Axitinib Versus Placebo as an Adjuvant Treatment of Renal Cell Carcinoma

Results From the Phase III, Randomized ATLAS Trial

M. Gross-Goupil; T. G. Kwon; M. Eto; D. Ye; H. Miyake; S. I. Seo; S.-S. Byun; J. L. Lee; V. Master; J. Jin; R. DeBenedetto; R. Linke; M. Casey; B. Rosbrook; M. Lechuga; O. Valota; E. Grande; D. I. Quinn

Disclosures

Ann Oncol. 2018;29(12):2371-2378. 

In This Article

Abstract and Introduction

Abstract

Background: The ATLAS trial compared axitinib versus placebo in patients with locoregional renal cell carcinoma (RCC) at risk of recurrence after nephrectomy.

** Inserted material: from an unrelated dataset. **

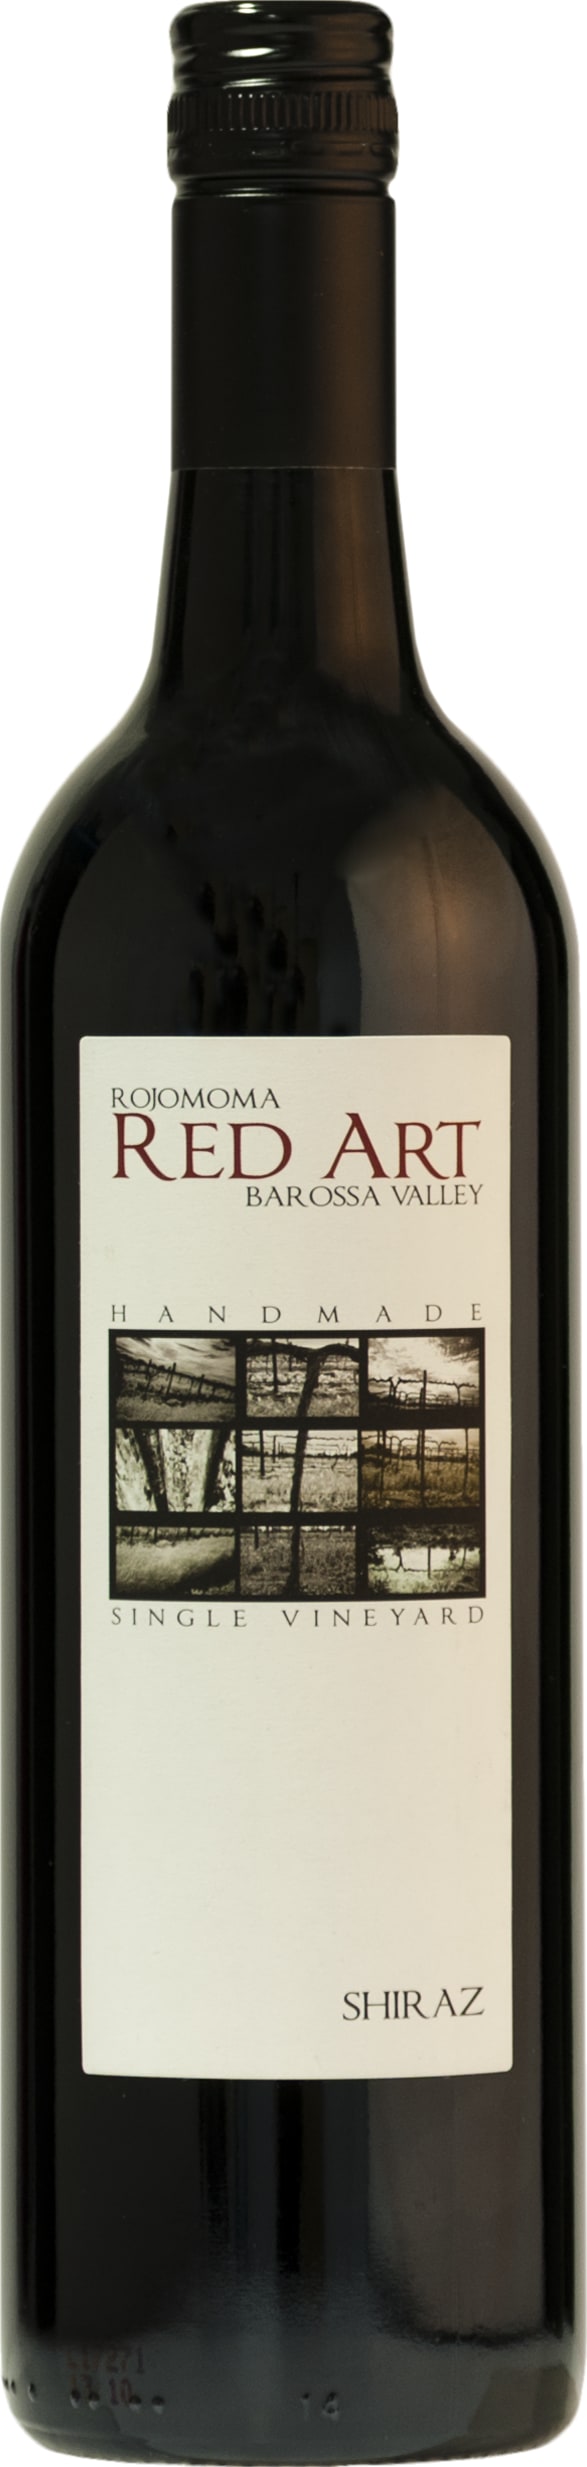 Rojomoma Red Art Shiraz 2016 6x75cl - Just Wines 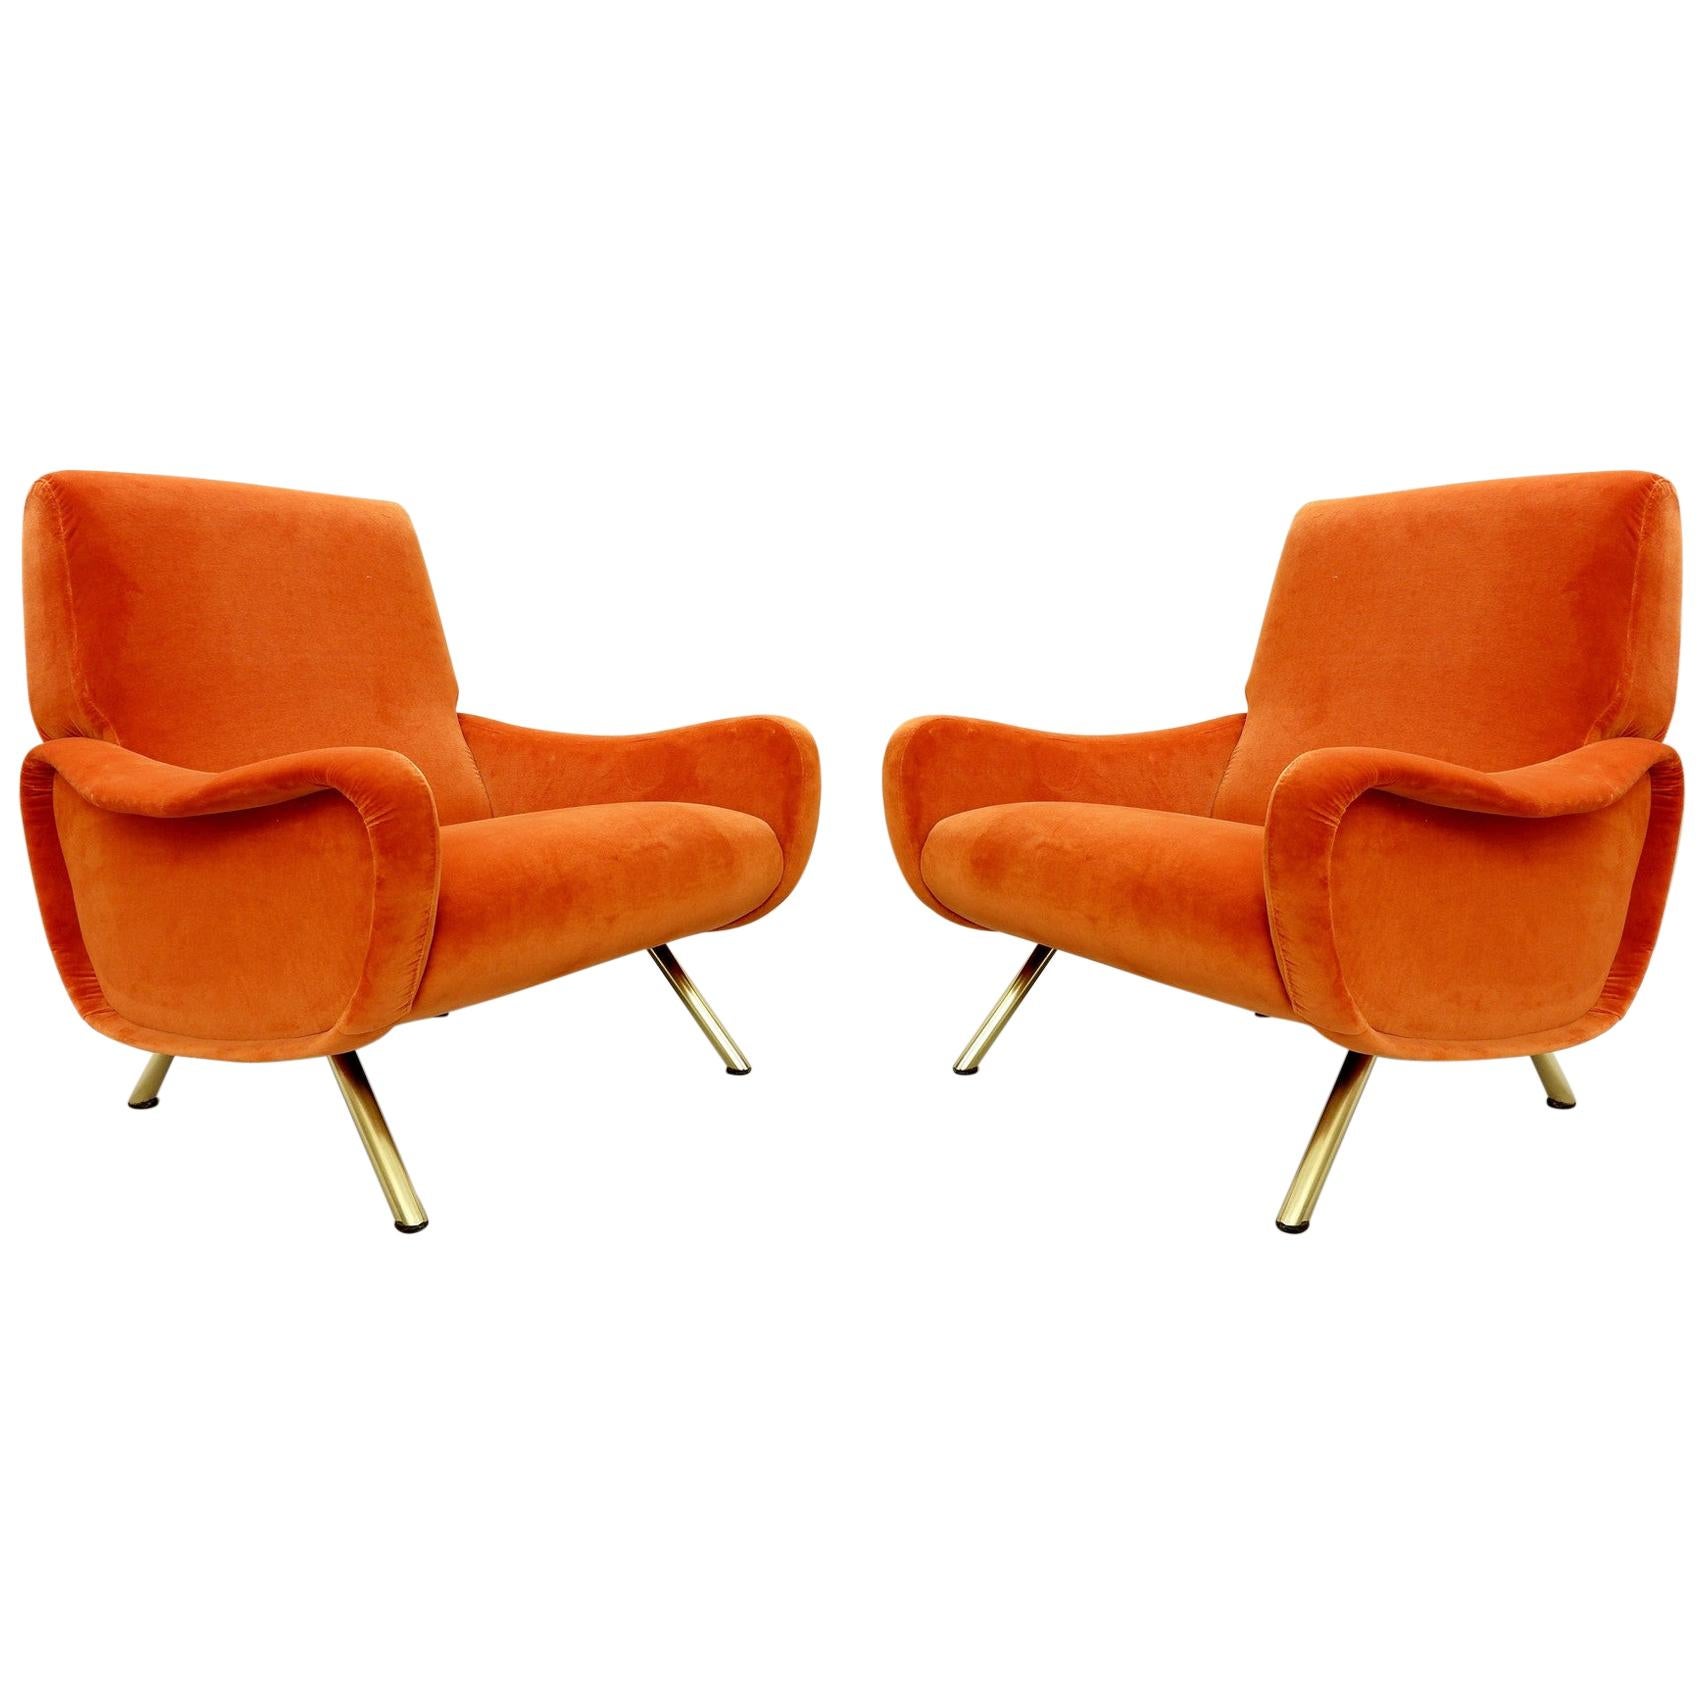 Pair of 'Lady' Armchairs, Marco Zanuso for Arflex, New Orange Velvet Ulphostery

Patients and methods: In a phase III, randomized, double-blind trial, patients had >50% clear-cell RCC, had undergone nephrectomy, and had no evidence of macroscopic residual or metastatic disease [independent review committee (IRC) confirmed]. The intent-to-treat population included all randomized patients [≥pT2 and/or N+, any Fuhrman grade (FG), Eastern Cooperative Oncology Group status 0/1]. Patients (stratified by risk group/country) received (1 : 1) oral twice-daily axitinib 5 mg or placebo for ≤3 years, with a 1-year minimum unless recurrence, occurrence of second primary malignancy, significant toxicity, or consent withdrawal. The primary end point was disease-free survival (DFS) per IRC. A prespecified DFS analysis in the highest-risk subpopulation (pT3, FG ≥ 3 or pT4 and/or N+, any T, any FG) was conducted.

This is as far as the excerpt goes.